Stored data entries:

>>>>

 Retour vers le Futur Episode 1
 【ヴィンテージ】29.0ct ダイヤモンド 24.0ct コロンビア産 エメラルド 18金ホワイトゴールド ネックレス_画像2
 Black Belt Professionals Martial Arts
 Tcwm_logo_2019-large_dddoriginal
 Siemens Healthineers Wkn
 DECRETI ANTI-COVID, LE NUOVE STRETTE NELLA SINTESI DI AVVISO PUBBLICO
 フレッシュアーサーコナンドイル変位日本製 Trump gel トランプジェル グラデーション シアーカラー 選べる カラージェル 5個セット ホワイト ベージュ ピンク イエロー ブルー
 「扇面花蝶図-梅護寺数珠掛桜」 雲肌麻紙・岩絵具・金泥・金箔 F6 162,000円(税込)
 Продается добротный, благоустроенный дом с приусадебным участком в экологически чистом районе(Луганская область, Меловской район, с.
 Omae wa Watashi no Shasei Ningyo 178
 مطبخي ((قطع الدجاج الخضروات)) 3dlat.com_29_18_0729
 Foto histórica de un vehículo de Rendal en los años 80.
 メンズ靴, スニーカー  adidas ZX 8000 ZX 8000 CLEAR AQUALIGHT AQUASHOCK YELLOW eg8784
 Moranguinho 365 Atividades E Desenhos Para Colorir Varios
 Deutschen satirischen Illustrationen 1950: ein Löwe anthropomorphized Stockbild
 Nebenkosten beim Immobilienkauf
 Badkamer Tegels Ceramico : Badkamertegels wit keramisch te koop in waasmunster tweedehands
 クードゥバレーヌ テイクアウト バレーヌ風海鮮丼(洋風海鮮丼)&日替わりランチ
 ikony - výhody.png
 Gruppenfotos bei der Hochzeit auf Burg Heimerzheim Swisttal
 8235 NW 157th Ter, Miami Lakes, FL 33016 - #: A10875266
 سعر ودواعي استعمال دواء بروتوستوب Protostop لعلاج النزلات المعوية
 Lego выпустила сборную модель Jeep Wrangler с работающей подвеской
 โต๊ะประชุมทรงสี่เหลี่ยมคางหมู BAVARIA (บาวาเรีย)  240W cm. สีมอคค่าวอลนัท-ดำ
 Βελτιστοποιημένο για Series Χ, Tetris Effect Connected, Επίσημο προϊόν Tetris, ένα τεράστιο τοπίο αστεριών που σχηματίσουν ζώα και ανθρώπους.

<<<<

## HOW TO COMPLETE THIS TASK:
An exact copy is needed of the lines from the one containing "مطبخي ((قطع الدجاج" through the end of the records.

## ANSWER TO THE PROBLEM:
 مطبخي ((قطع الدجاج الخضروات)) 3dlat.com_29_18_0729
 Foto histórica de un vehículo de Rendal en los años 80.
 メンズ靴, スニーカー  adidas ZX 8000 ZX 8000 CLEAR AQUALIGHT AQUASHOCK YELLOW eg8784
 Moranguinho 365 Atividades E Desenhos Para Colorir Varios
 Deutschen satirischen Illustrationen 1950: ein Löwe anthropomorphized Stockbild
 Nebenkosten beim Immobilienkauf
 Badkamer Tegels Ceramico : Badkamertegels wit keramisch te koop in waasmunster tweedehands
 クードゥバレーヌ テイクアウト バレーヌ風海鮮丼(洋風海鮮丼)&日替わりランチ
 ikony - výhody.png
 Gruppenfotos bei der Hochzeit auf Burg Heimerzheim Swisttal
 8235 NW 157th Ter, Miami Lakes, FL 33016 - #: A10875266
 سعر ودواعي استعمال دواء بروتوستوب Protostop لعلاج النزلات المعوية
 Lego выпустила сборную модель Jeep Wrangler с работающей подвеской
 โต๊ะประชุมทรงสี่เหลี่ยมคางหมู BAVARIA (บาวาเรีย)  240W cm. สีมอคค่าวอลนัท-ดำ
 Βελτιστοποιημένο για Series Χ, Tetris Effect Connected, Επίσημο προϊόν Tetris, ένα τεράστιο τοπίο αστεριών που σχηματίσουν ζώα και ανθρώπους.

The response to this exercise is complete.